Doña Elena Alcázar entró en nuestra humilde casa como una reina visitando un establo. Su mirada recorrió con desdén los muebles gastados y las paredes descoloridas.
Mi madre le ofreció un vaso de agua con manos temblorosas.
"Gracias" , dijo Doña Elena, sin tocar el vaso. "He venido a hablar de su hijo, Santiago" .
Se giró hacia mí. Sus ojos eran fríos, calculadores.
"He oído rumores. Dicen que tienes un don. Un canto que cura" .
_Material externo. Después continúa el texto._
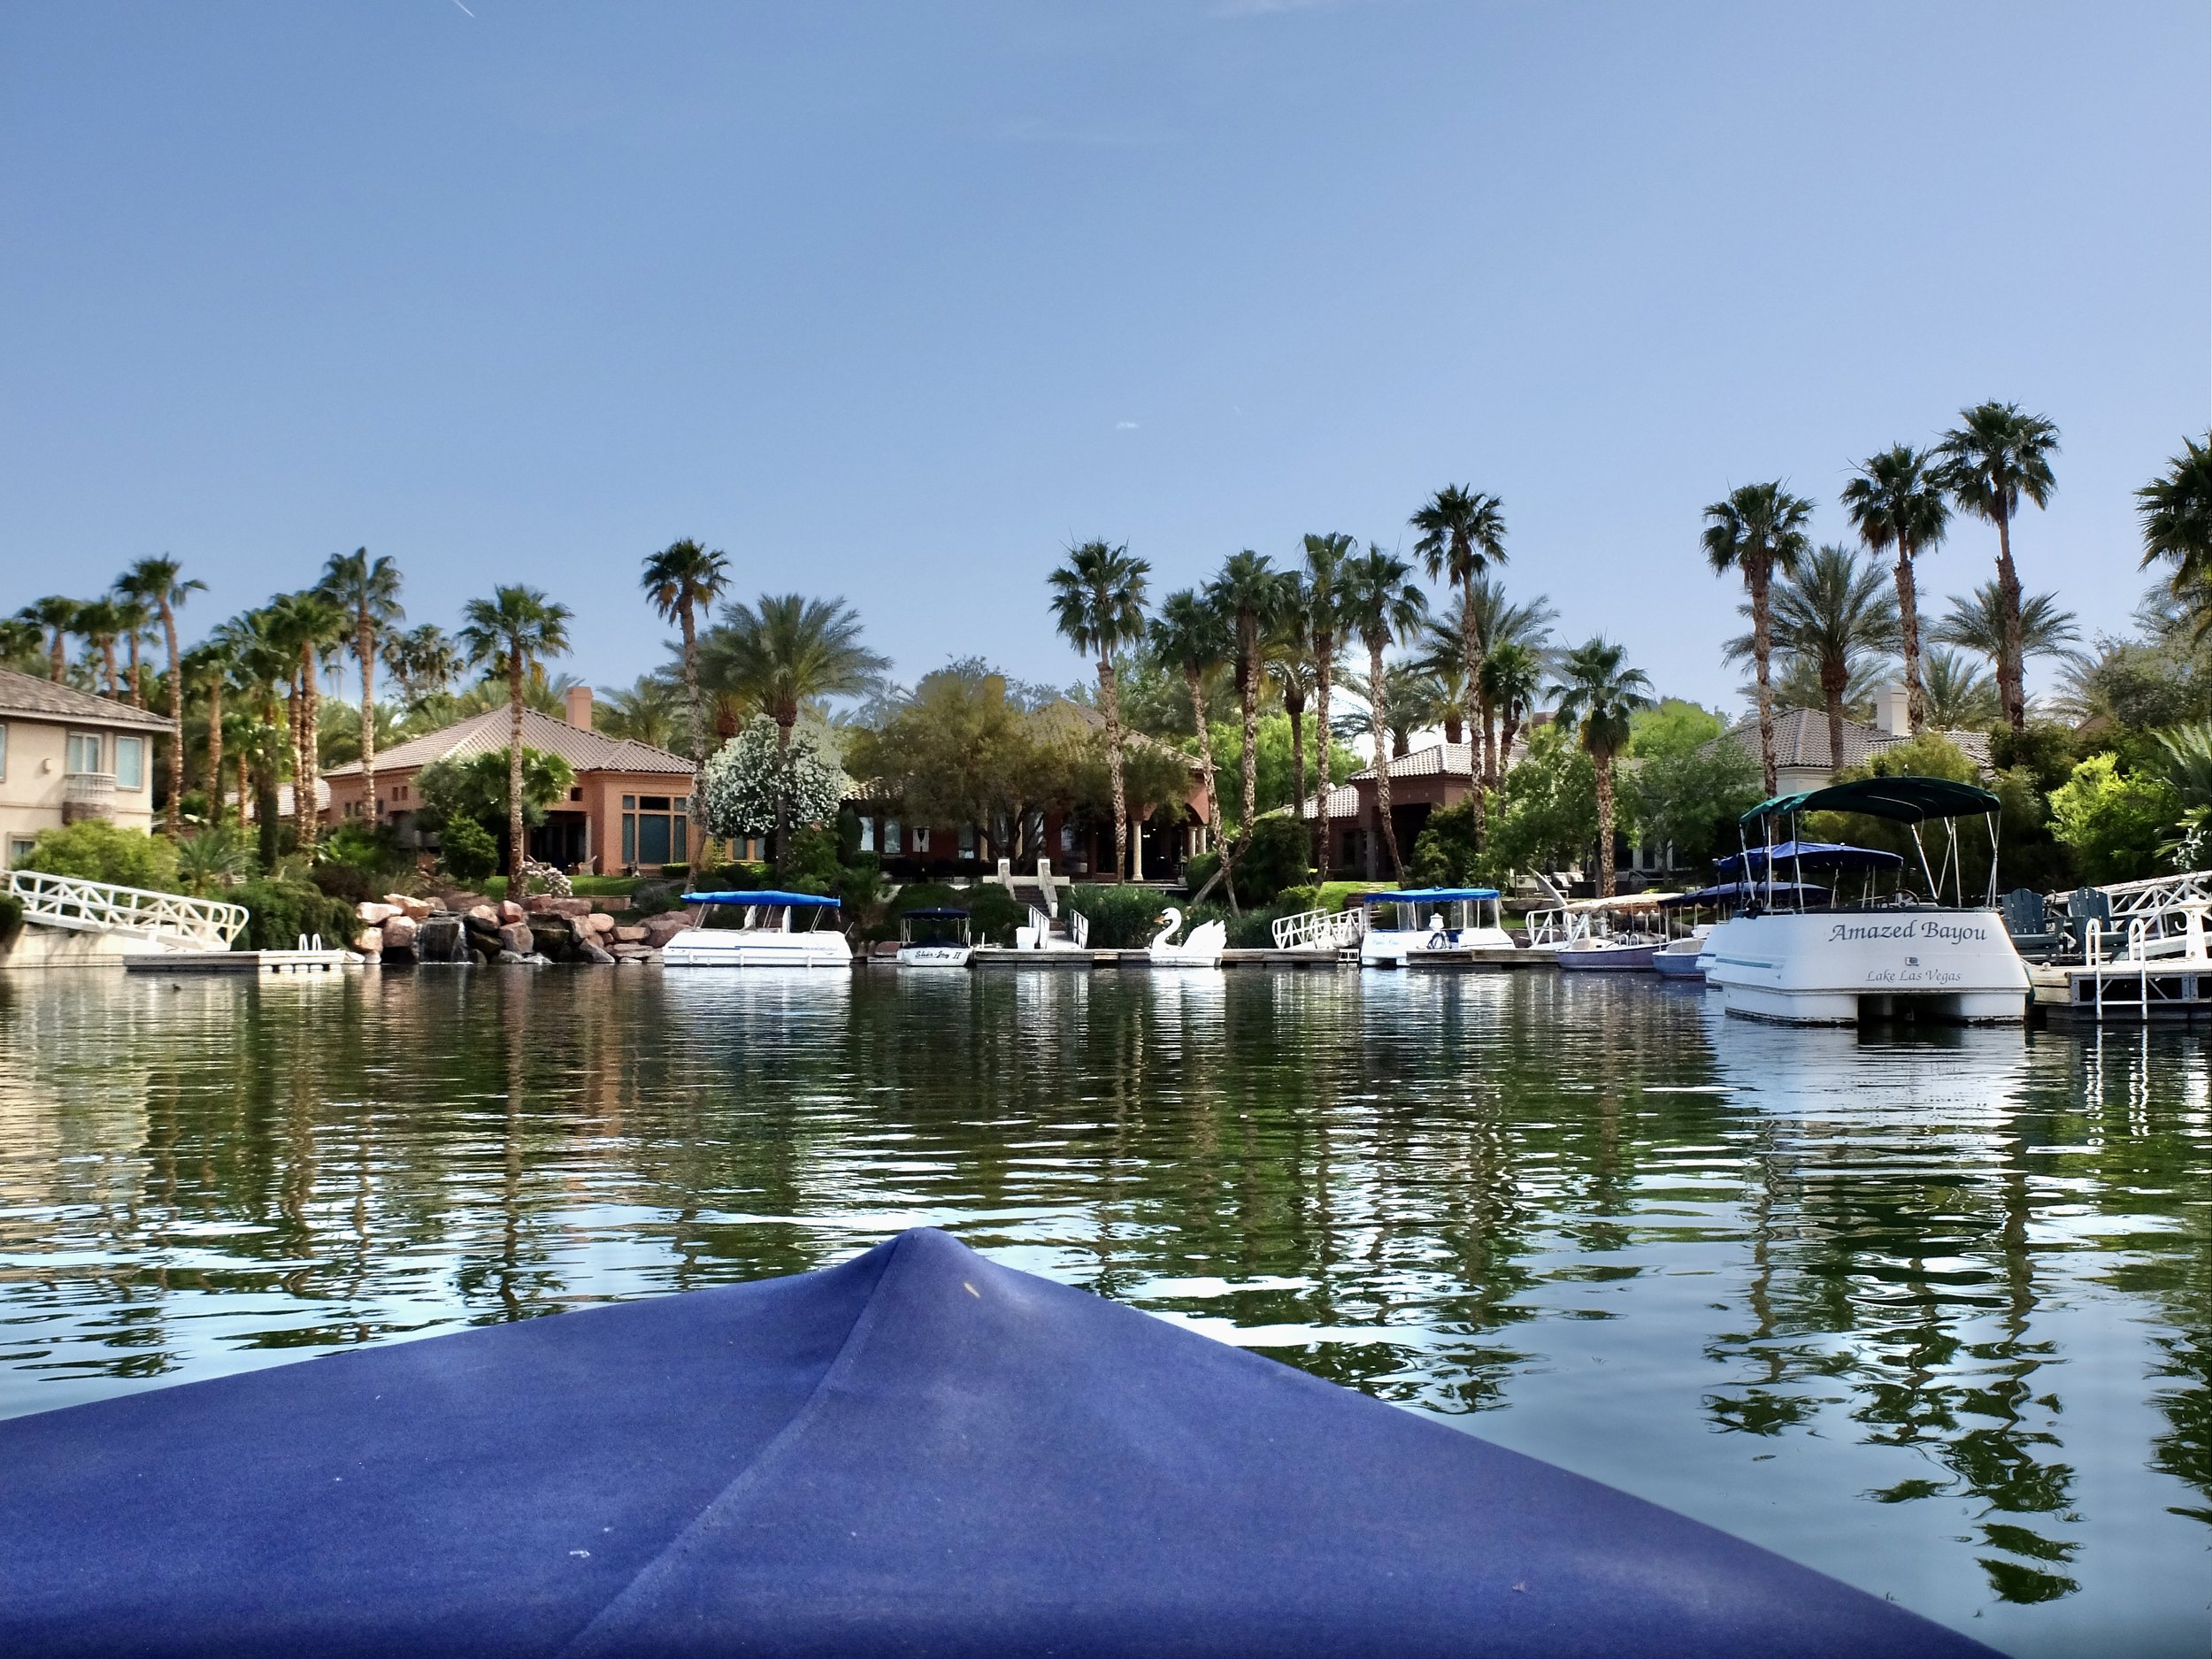  It is Lake Las Vegas so there are watercraft.  They are electric. 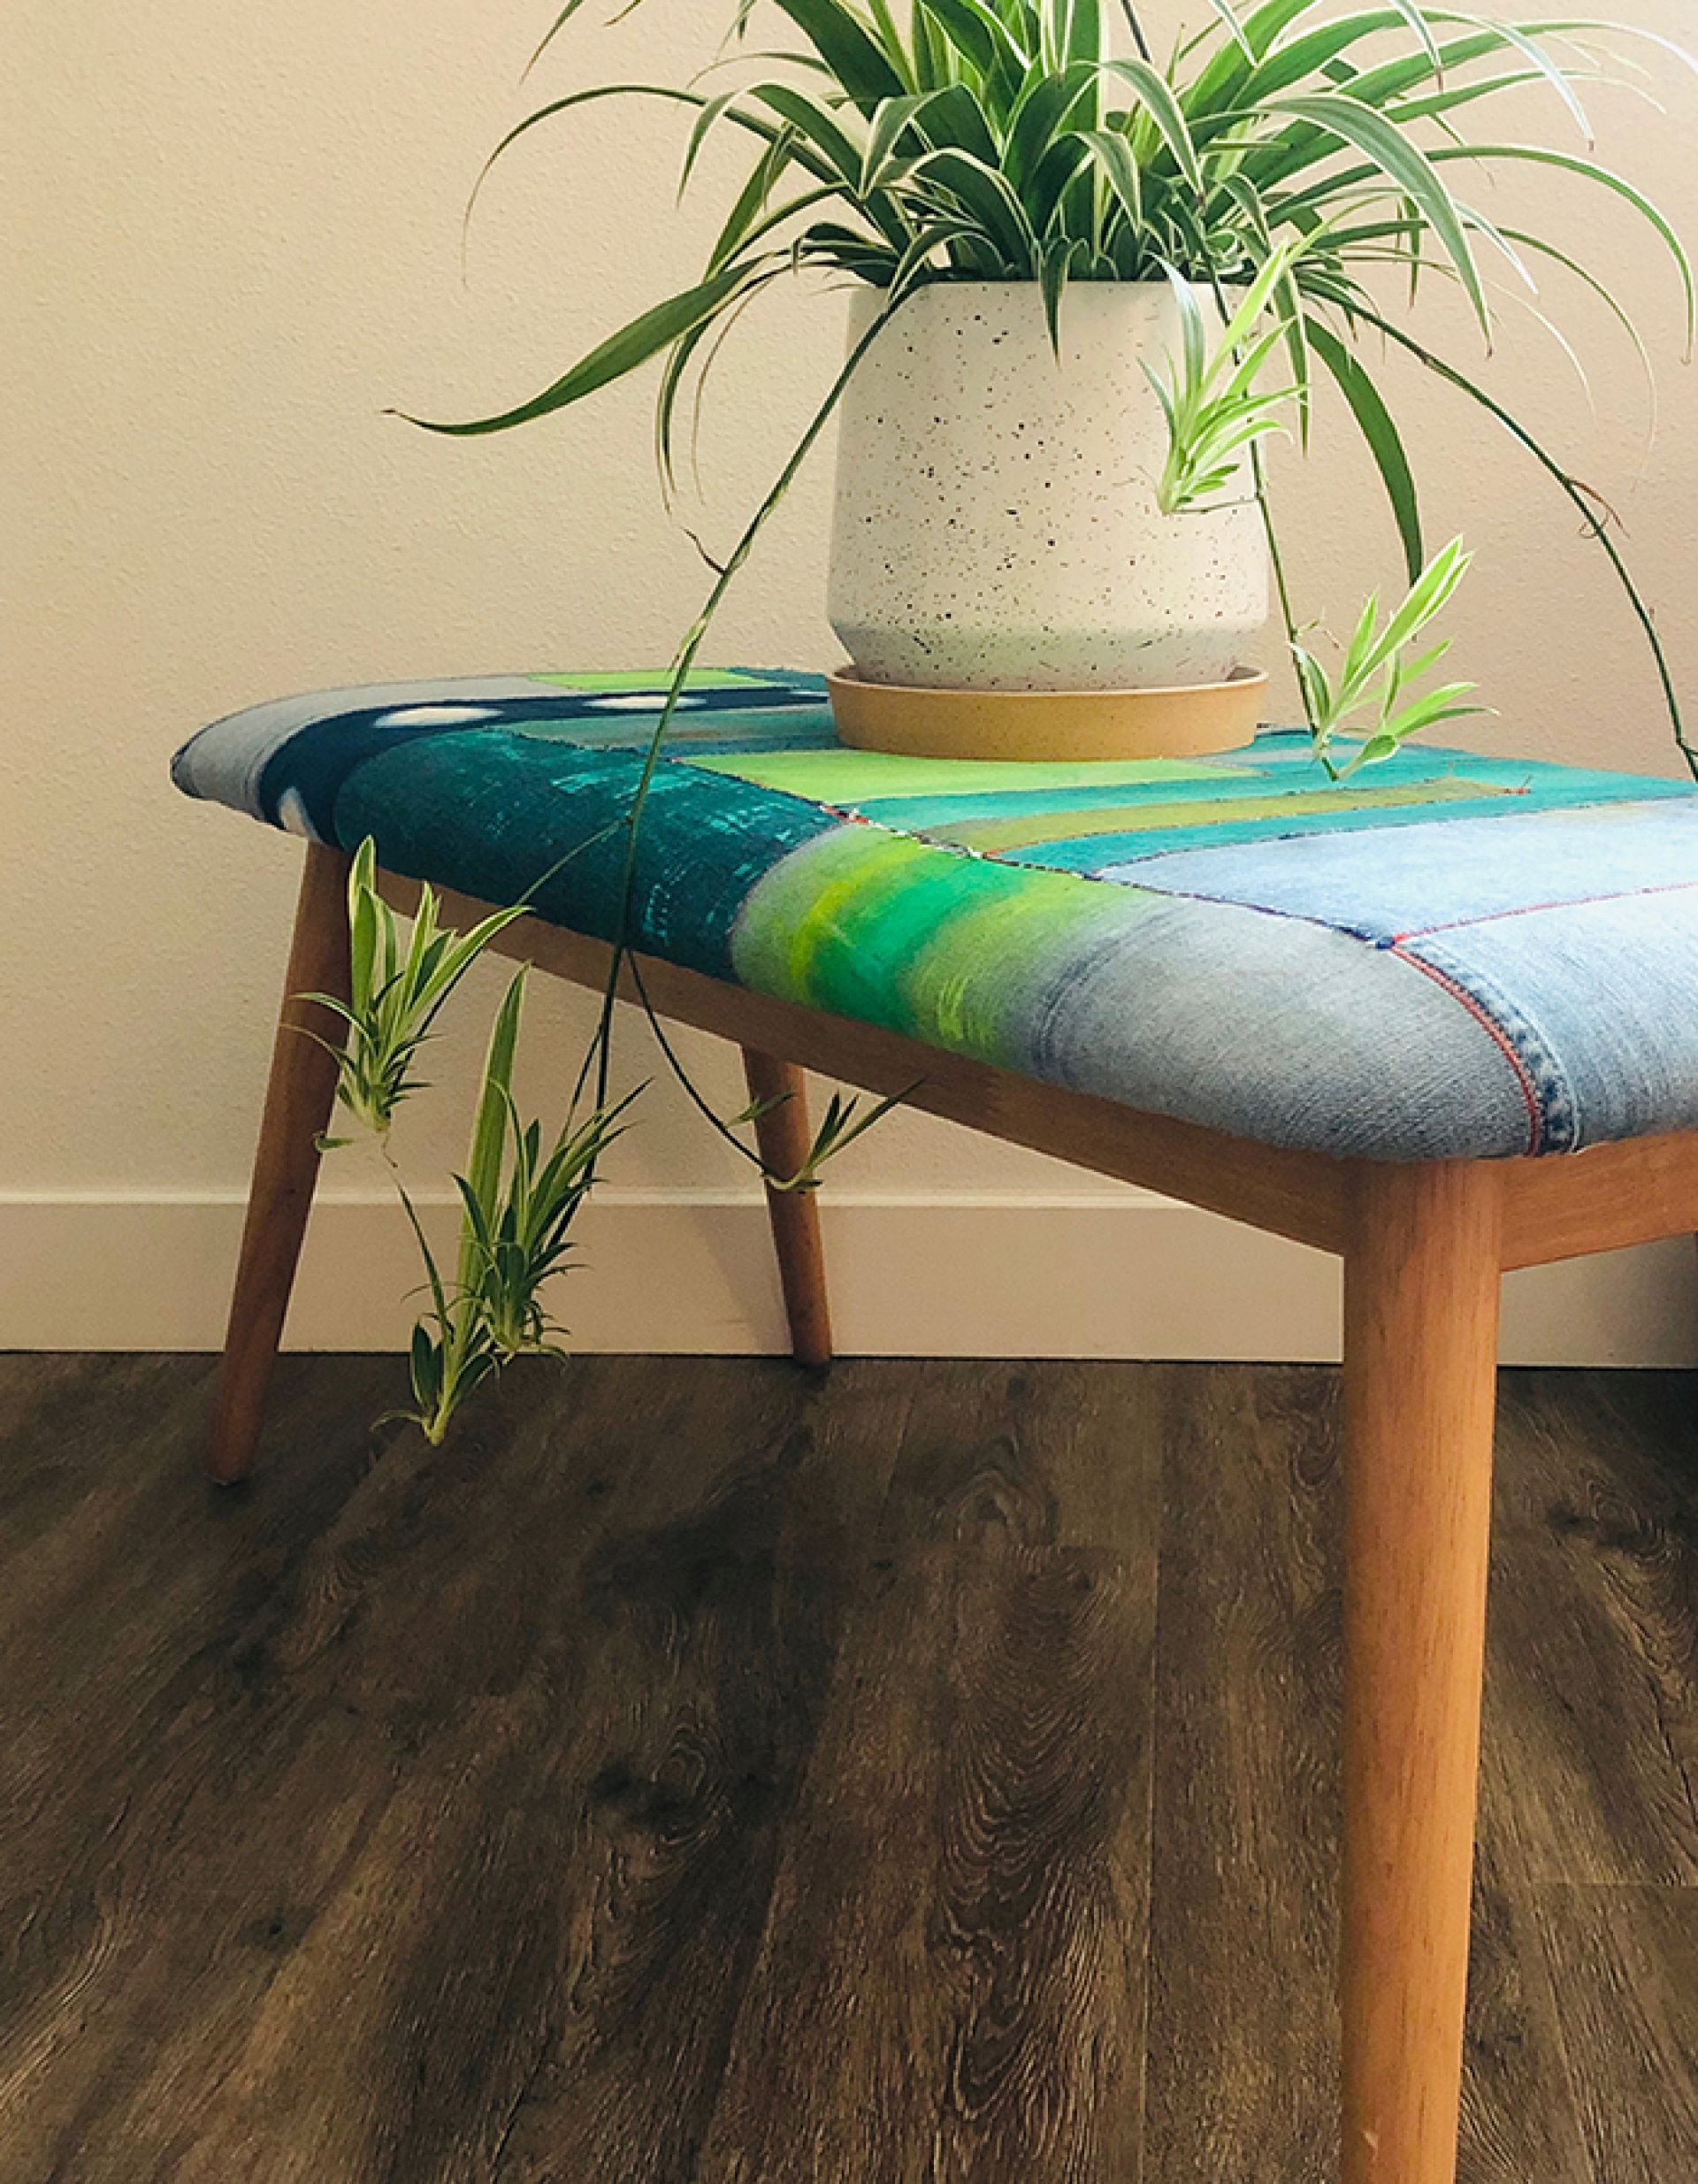 Reupholstered bench using painted denim and reclaimed jean scraps, 2020

Mi madre asintió con entusiasmo. "Es verdad, señora. Es un milagro de Dios, heredado de su abuela" .
En mi vida pasada, yo habría permanecido en silencio, asustado y confundido. Pero ahora, la rabia ardía en mi interior.
"Son solo supersticiones de pueblo, señora" , dije con una voz firme que sorprendió a mi propia madre. "Si su hija está enferma, debería ver a un médico. Yo solo soy un mariachi" .
Doña Elena frunció el ceño. La sorpresa cruzó su rostro. No esperaba un rechazo.
"Mi hija ha visto a todos los médicos. Ninguno encuentra una cura. Insisto…" .
Justo en ese momento, la puerta se abrió de golpe.
Era Sofía.
Sus ojos se clavaron en los míos, llenos de un odio que yo conocía demasiado bien. Ella también recordaba.
"¡Mamá!" , gritó, ignorando a Doña Elena. "¿Qué haces hablando con estos charlatanes? ¡Intentan engañarte para meterse en nuestra familia!" .
Sofía arrojó una carpeta sobre la mesa.
"Aquí tienes. Un informe médico completo. Estoy perfectamente sana. Todo esto es un truco de este estafador y su madre" .
El informe era el mismo que Mateo había falsificado en nuestra vida pasada.
Doña Elena lo leyó, su rostro se endureció con furia. Se levantó, mirando a mi madre con puro desprecio.
"¡Cómo se atreven a intentar estafarnos! ¡Fuera de mi vista! ¡No vuelvan a acercarse a mi familia!" .
Nos echó de nuestra propia casa.
Mientras salíamos, humillados, Sofía me detuvo en la puerta. Su agarre era fuerte.
"No sé qué juego estás jugando" , susurró, "pero no funcionará. No voy a caer en tu trampa otra vez" .
De repente, tosió. Una mancha de sangre apareció en la comisura de sus labios. Se la limpió rápidamente, su rostro pálido.
"Esto… esto es un truco tuyo" , balbuceó, mirándome con una mezcla de miedo y rabia.
Nos miramos fijamente. En ese instante, ambos supimos, sin lugar a dudas, que el otro había renacido. Y que la guerra acababa de empezar.